Personal web page: www.jratcliffe.net

Faculty / Jerry Ratcliffe

Dr Jerry Ratcliffe is Professor with the Department of Criminal Justice, Temple University, Philadelphia. In a previous life he was a police officer with the Metropolitan Police in London (UK) where he served for a number of years on patrol duties, in an intelligence and information unit, and as a member of the Diplomatic Protection Group. Due to a severe winter mountaineering accident, he left the police after 11 years of service. He completed a B.Sc. with honors in Geography and GIS at the University of Nottingham (UK) and has a Ph.D. from the same institution.

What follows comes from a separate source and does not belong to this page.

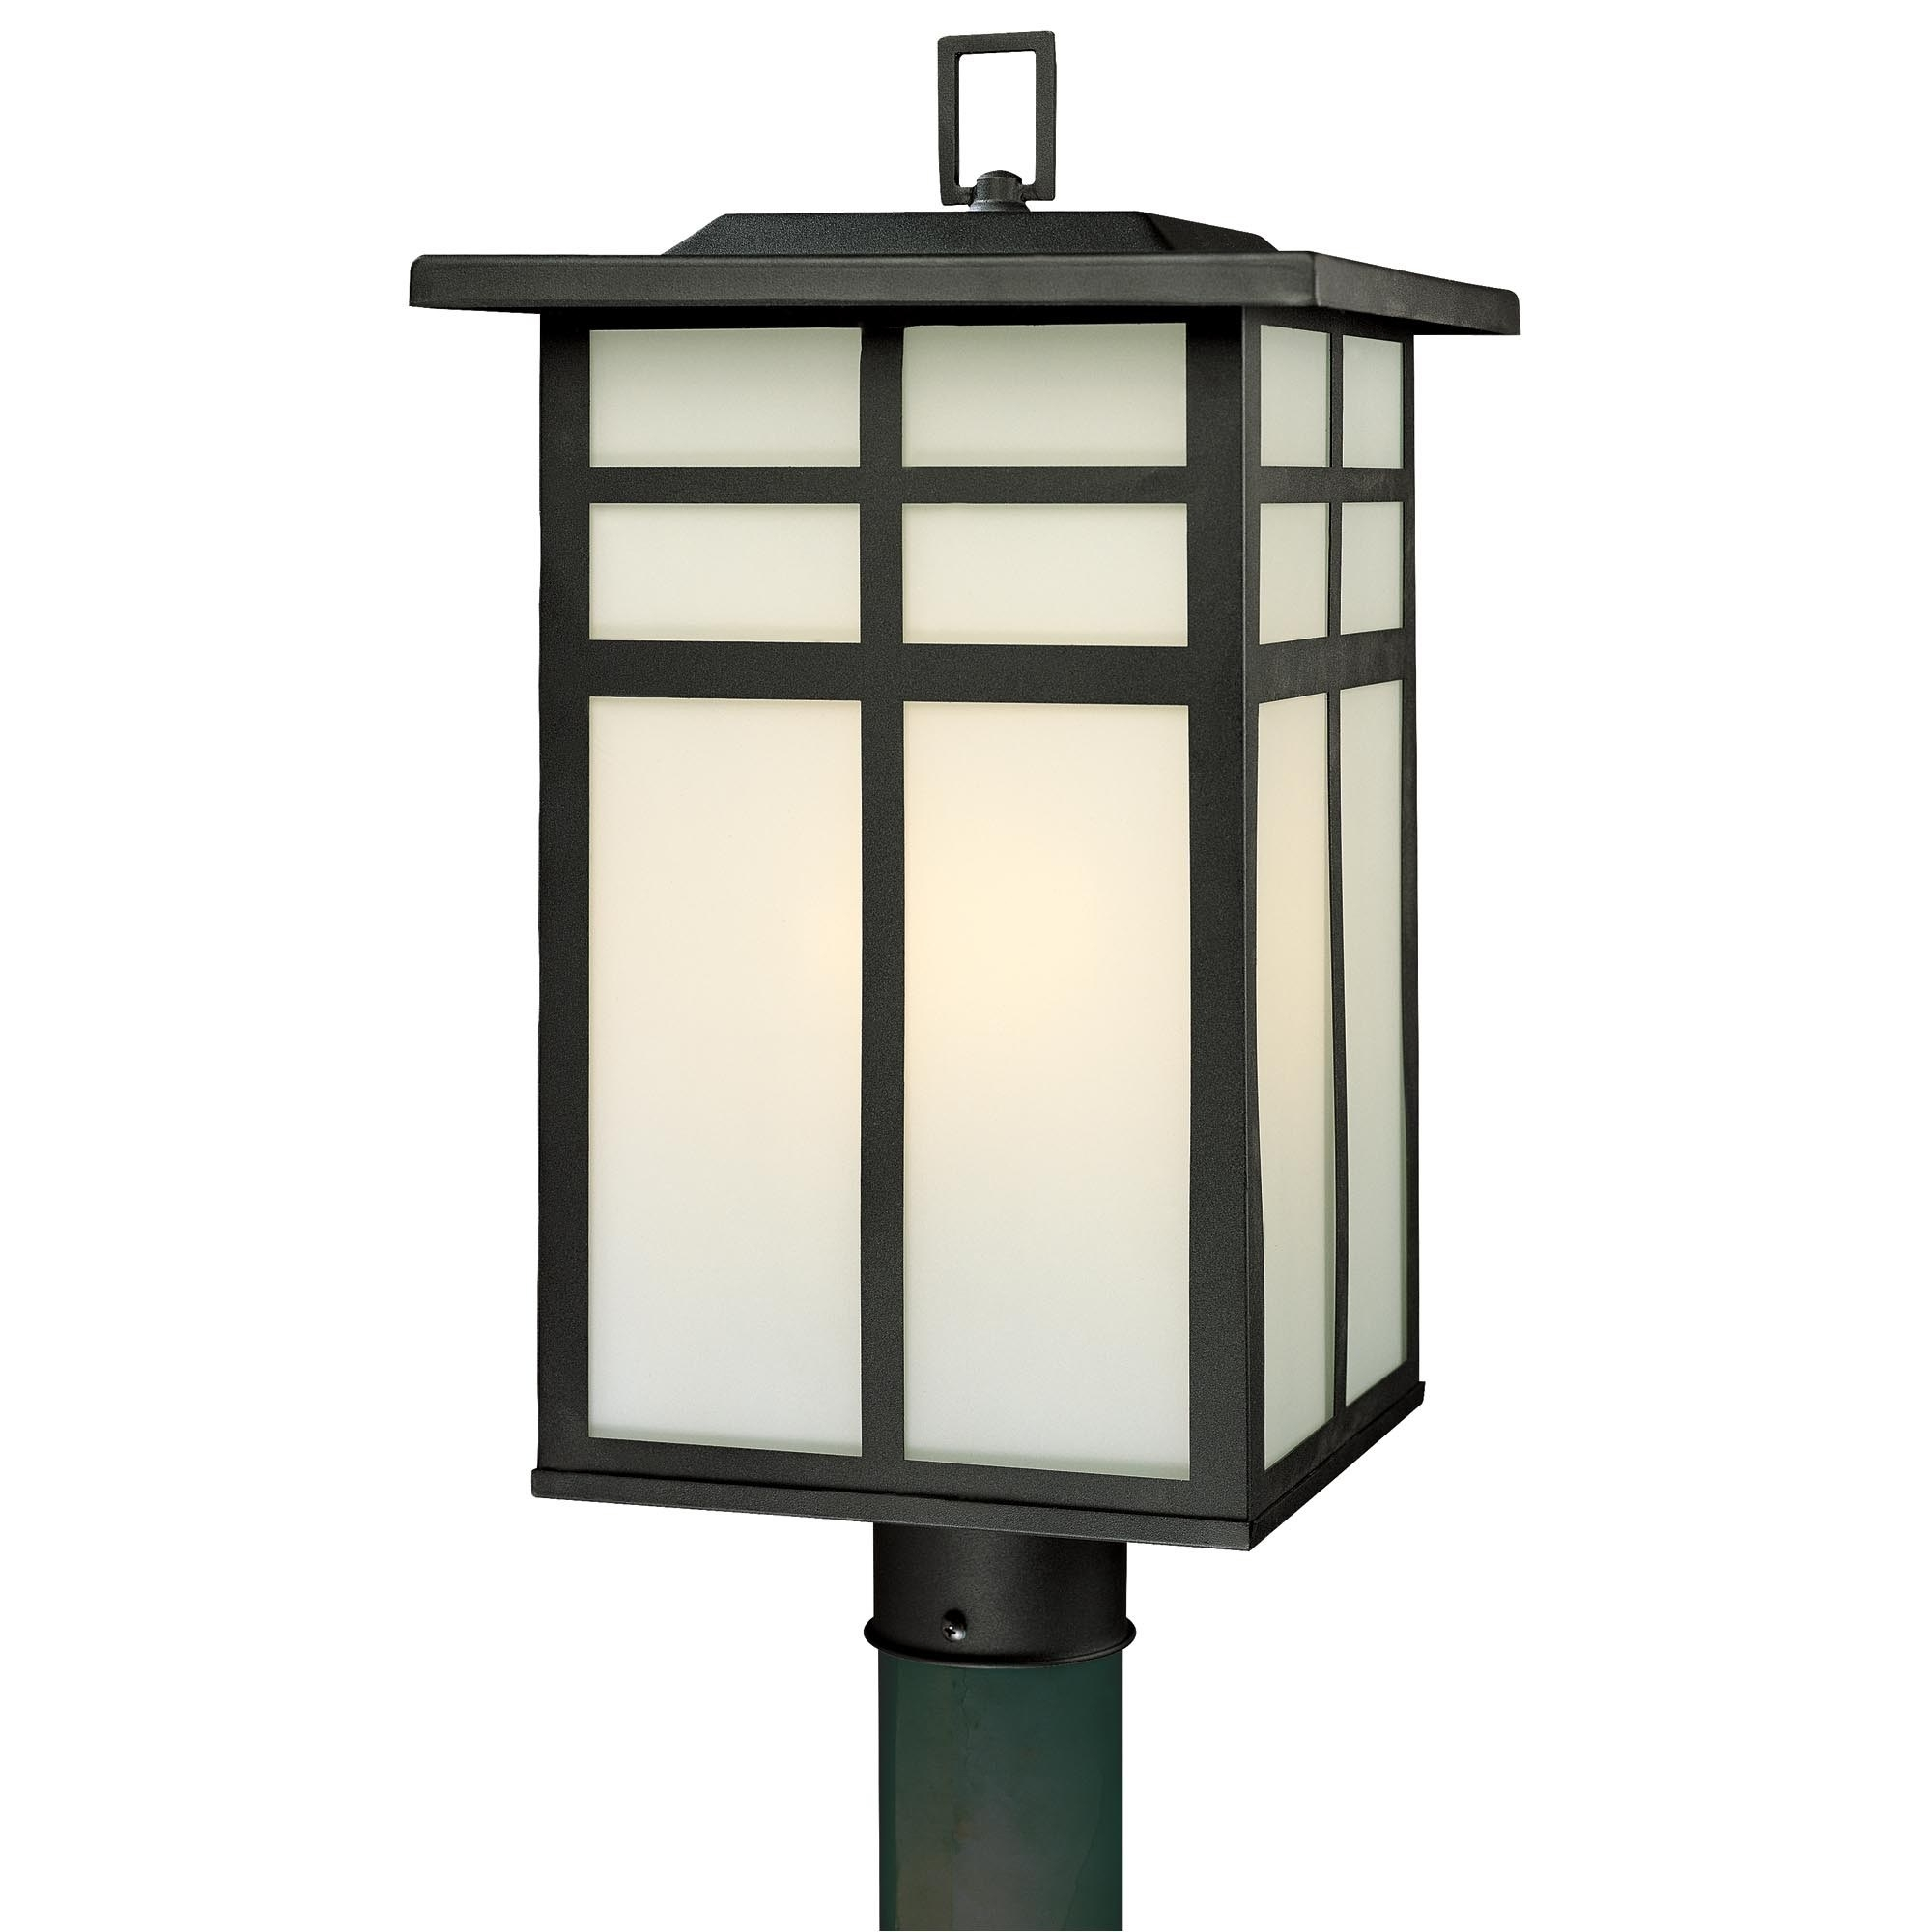 Outdoor Lamps Solar Lights Online Lantern Lowes Powered Table Door regarding Outdoor Lamp Lanterns (Image 15 of 20)

As a lecturer in policing (intelligence) with Charles Sturt University based at the New South Wales Police College in Australia, he ran graduate programs in criminal intelligence, and for a number of years coordinated Australia's National Strategic Intelligence Course. Dr Ratcliffe was also a senior research analyst with the Australian Institute of Criminology, where he conducted one of the first evaluations of an intelligence-led policing operation. In 2007, Dr Ratcliffe was awarded the Professional Service Award for outstanding contributions to criminal intelligence analysis by the International Association of Law Enforcement Intelligence Analysts (IALEIA).


He has published over 40 research articles and four books: 'Strategic Thinking in Criminal Intelligence' (Federation Press, 2004, edited); 'GIS and Crime Mapping' (Wiley, 2005 with Spencer Chainey) and 'Policing Illegal Drug Markets' (Criminal Justice Press, 2005, with George Rengert and Sanjoy Chakravorty). His most recent book, "Intelligence-Led Policing" (Willan Publishing) is the first book to address this emerging area of police management practice, and is on the Sergeant to Lieutenant's exam reading list for the Philadelphia Police Department.


He is a Fellow of the Royal Geographical Society and publishes and lectures on environmental criminology, crime mapping, intelligence-led policing and crime reduction. Jerry was an officer in the British Army reserves (Royal Engineers); has climbed the three highest mountains in Africa; and with Operation Raleigh both led an expedition down the Selenga river in Siberia and was the first non-Iban tribesman to successfully navigate (with a traditional carved boat) the rapids of the Temburong river in Borneo. He likes to fly light aircraft, ski, scuba dive, and drink single malt whisky, but not all at the same time....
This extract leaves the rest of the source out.